Top of MATERIALS PROVIDED

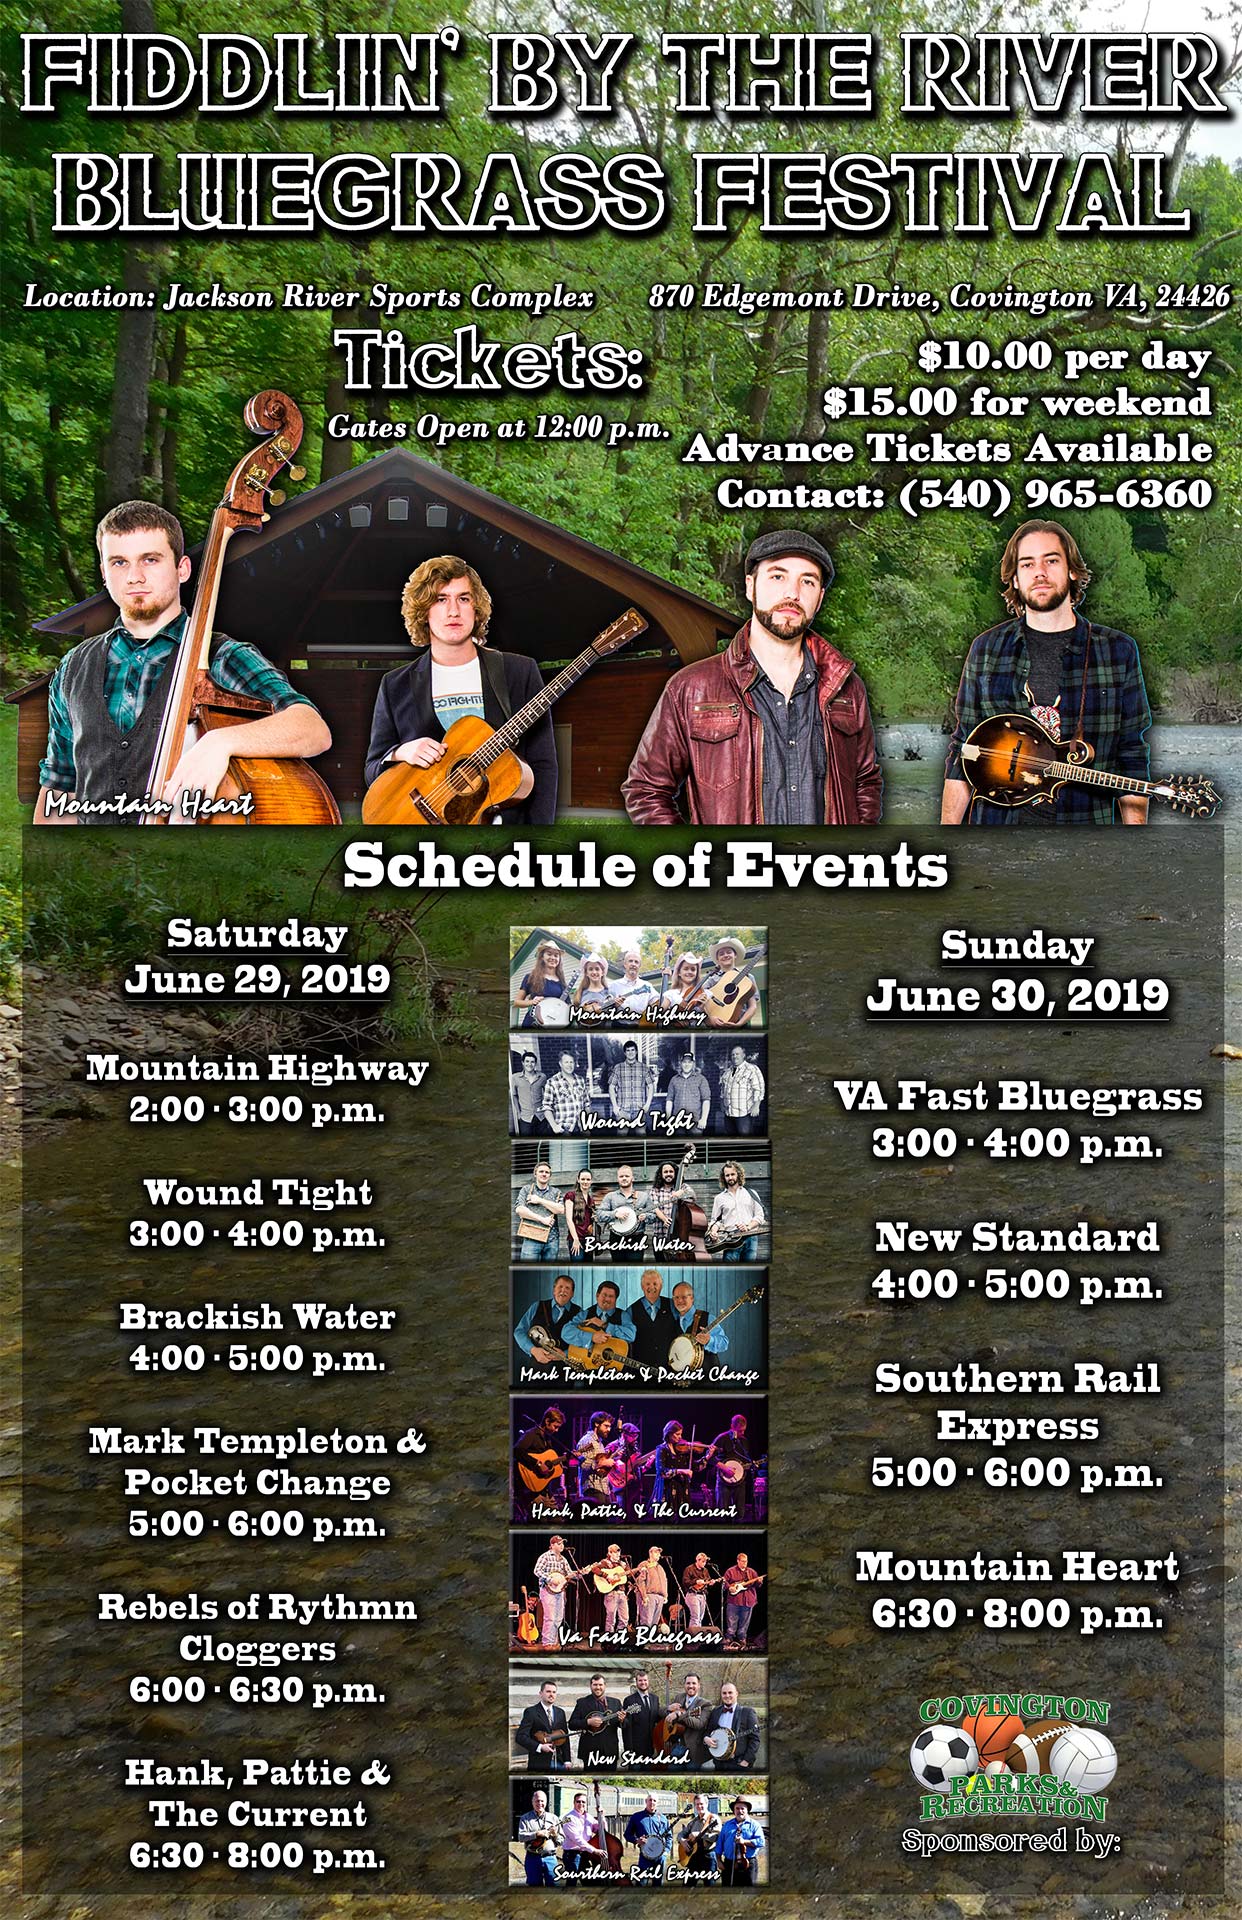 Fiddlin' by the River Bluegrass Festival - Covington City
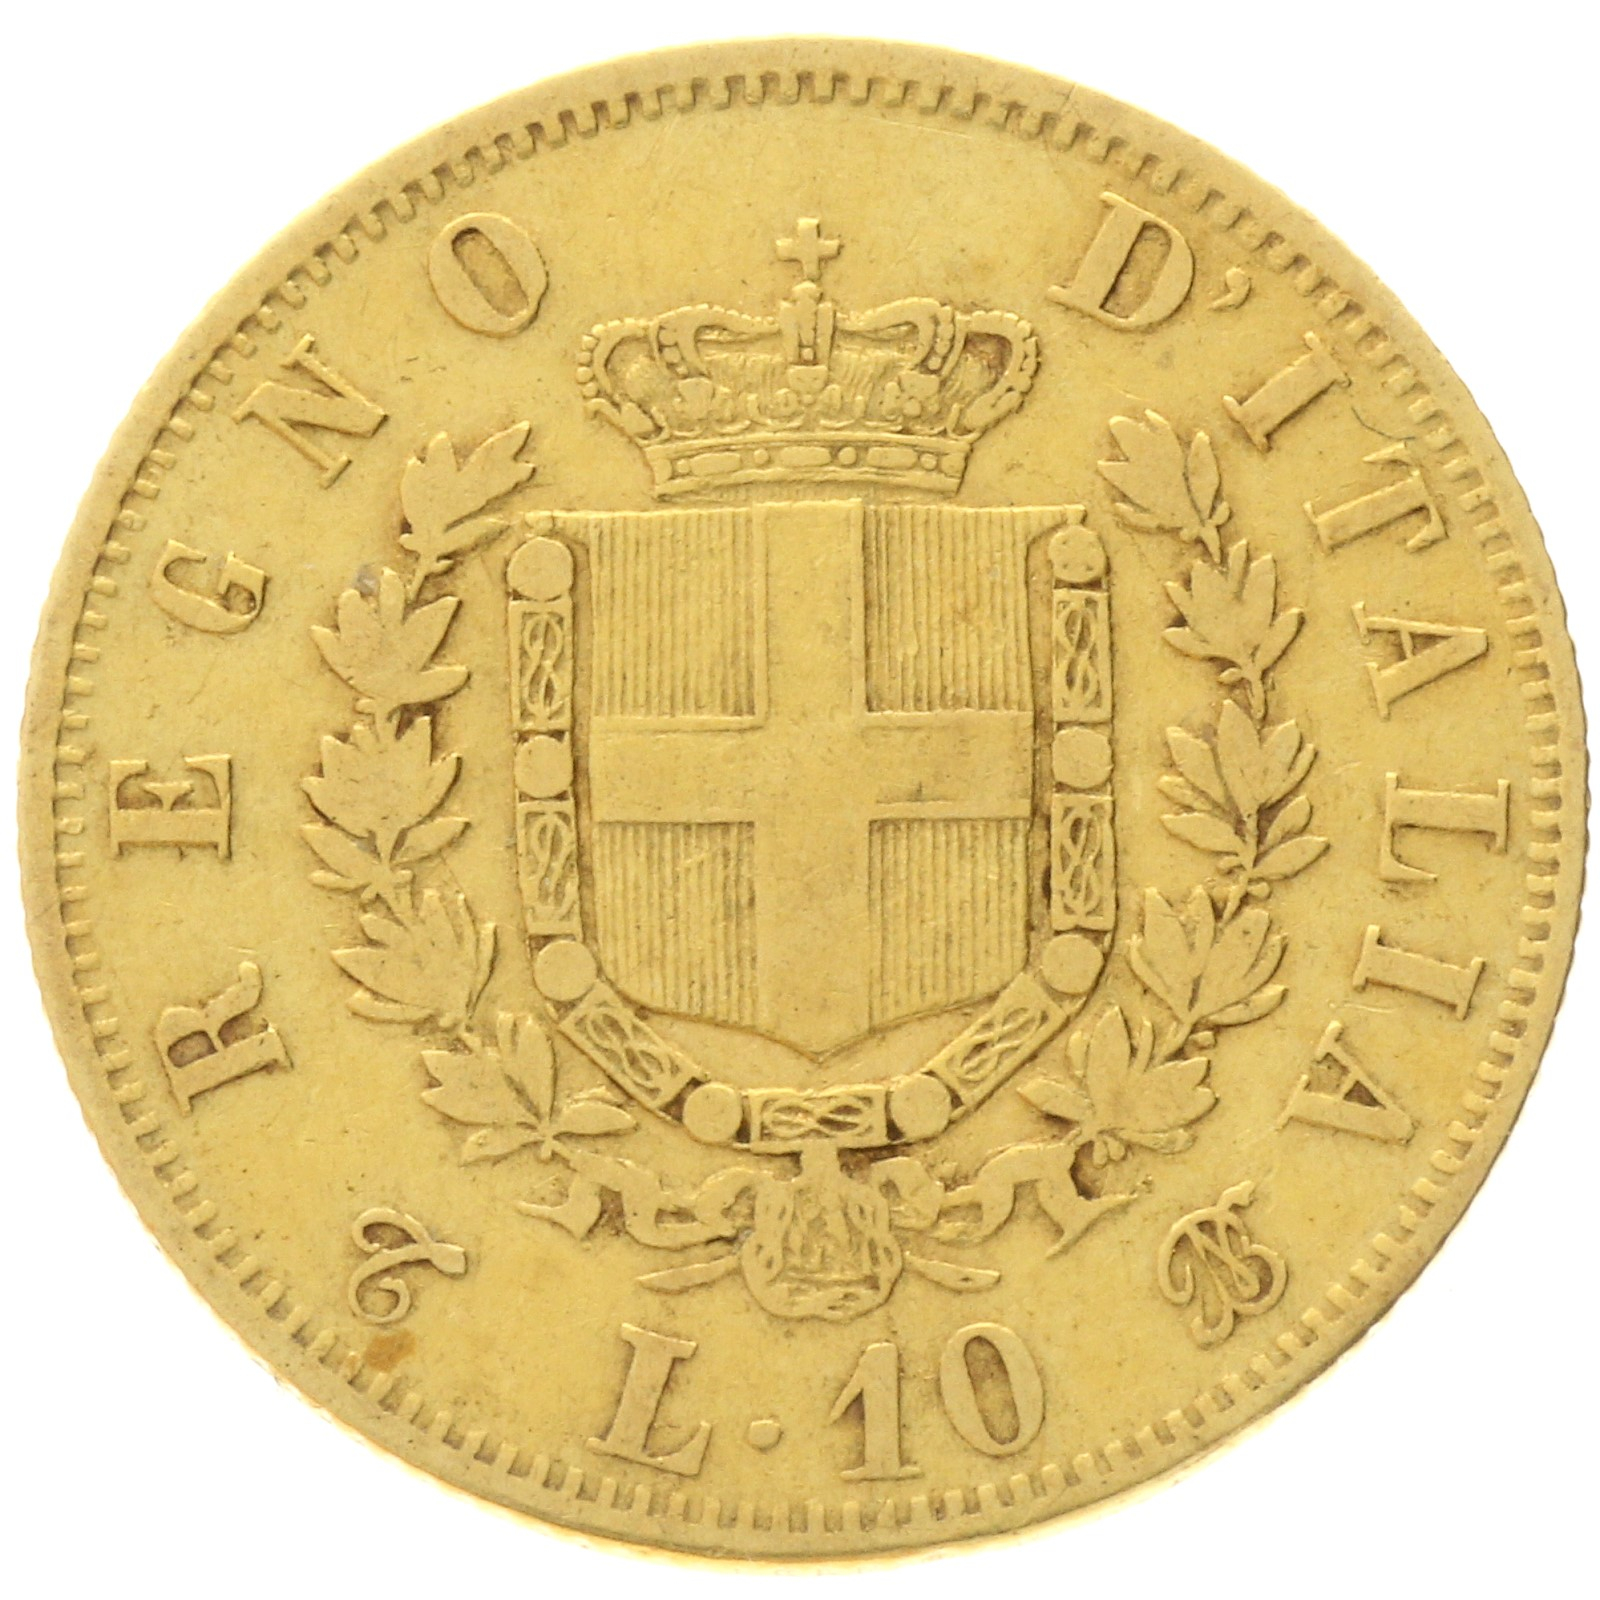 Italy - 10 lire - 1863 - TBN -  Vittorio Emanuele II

Bottom of MATERIALS PROVIDED
Top of MATERIALS PROVIDED

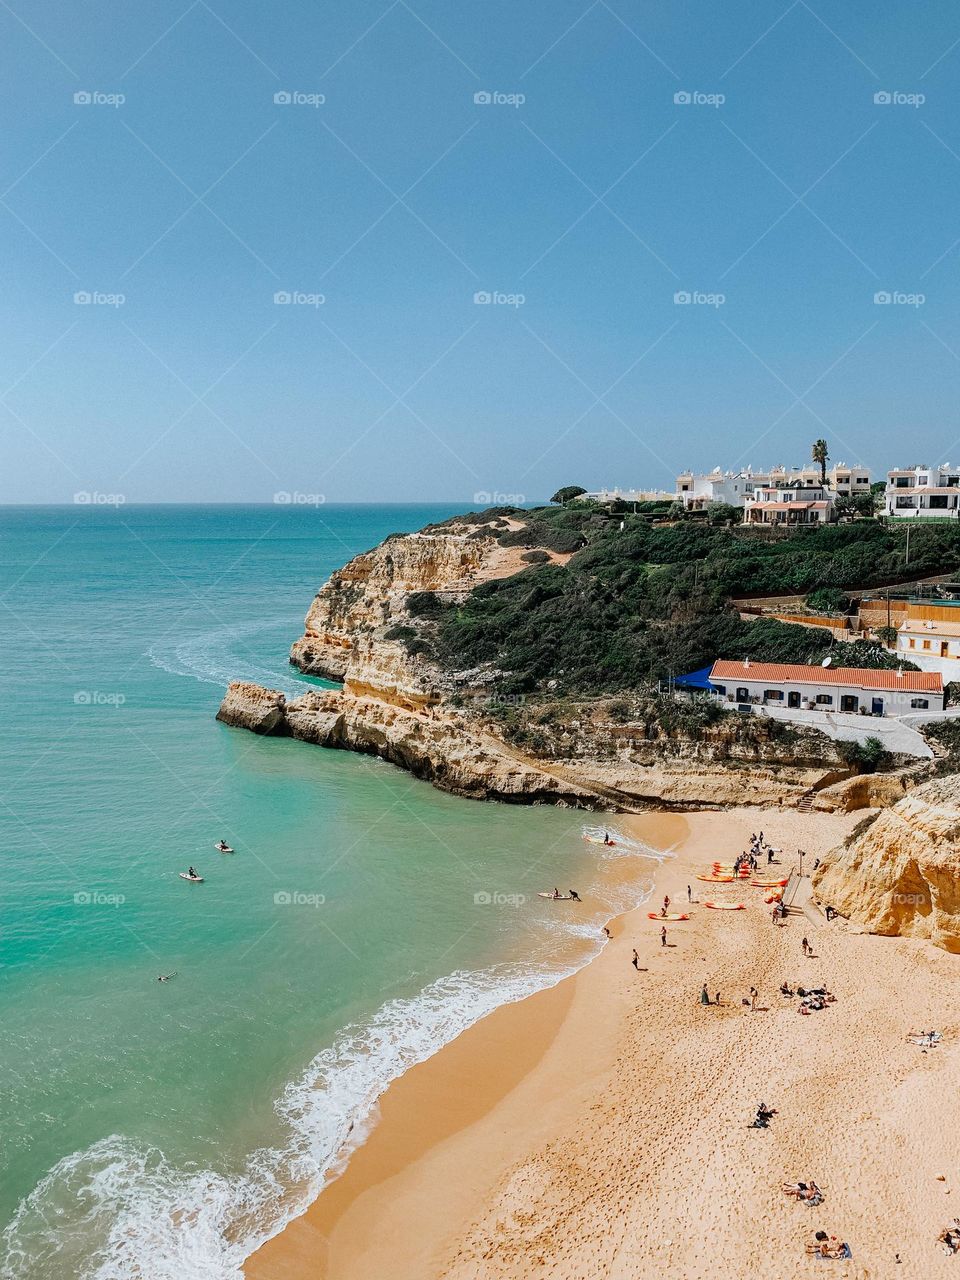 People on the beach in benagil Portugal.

Bottom of MATERIALS PROVIDED

▶ TASK STATEMENT
Output exactly the lines above that lie between the line with "Fiddlin' by the" and the line with "Italy - 10 lire", those two lines included, and no pictures.

▶ RESPONSE BOX
 Fiddlin' by the River Bluegrass Festival - Covington City
 Italy - 10 lire - 1863 - TBN -  Vittorio Emanuele II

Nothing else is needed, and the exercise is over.